# Gunting Knife Review - forwarded



## DoctorB (Mar 16, 2003)

Gunting Knife Review - forwarded 
I just read the following review of the Gunting Knife, by Greg Walker. Mr. Walker is writing this review from military perspective; however, I have found several points of compatibilty wwith his opinions as a civilian. The review was posted on Blade Forum.

Jerome Barber

----------------------------------------------------------------

Reverse Grip Gunting 

Bram Frank just touched base and has posted a live blade Gunting to me for review and evaluation. 

I'm pleased to help Bram with this effort given all the strong affirmation posted on the Forum by owners and users of the Gunting, and my own recent experience with the CRIMPET model (Less than Lethal). 
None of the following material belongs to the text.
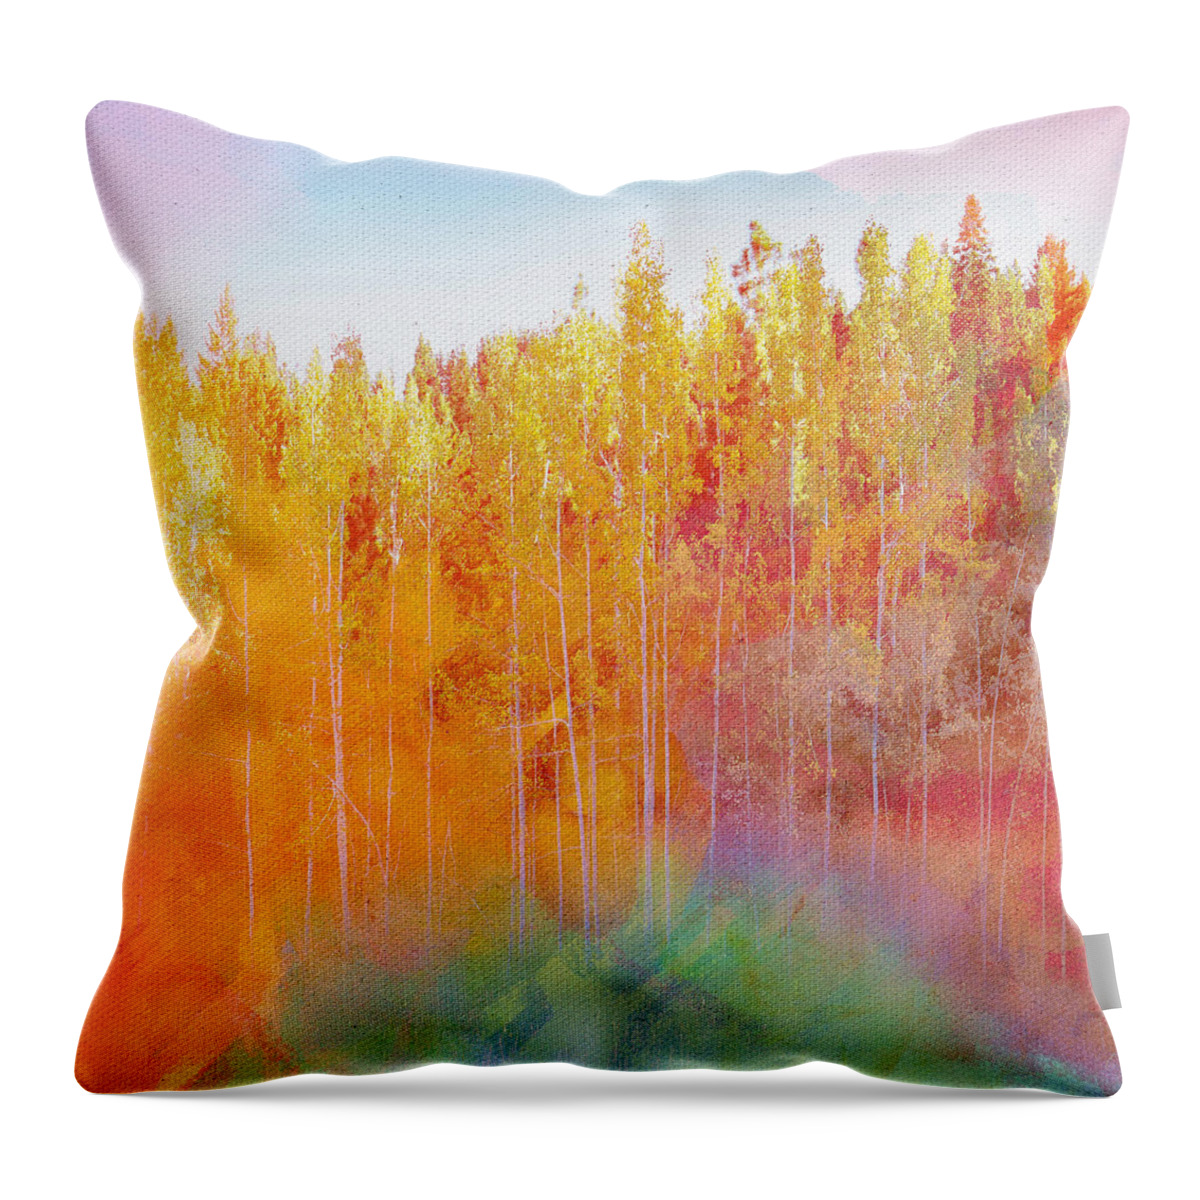 Graphic Design Throw Pillow featuring the digital art Enchanted Scenery #3 by Klara Acel

From that experience I can attest the Gunting is superb in the reverse grip, as designed and intended. This is a fighting range issue and H2H at punching / head-knees-elbow ranges demands a reverse grip be taken for maximum effectiveness. 

I just recently completed a month long H2H training program where I taught, among other subjects, bladework to include the reverse grip. This follows the month long program taught to Malaysian special operations personnel in and on 
the same subject. The Gunting is an excellent tool/weapon system offering both Less than Lethal and Lethal applications dependent upon mission requirements. I suppose this is why both local and international LE and elite unit militaries are taking advantage of Bram's program and knife as opposed 
to other more traditional options and / or courses of action. 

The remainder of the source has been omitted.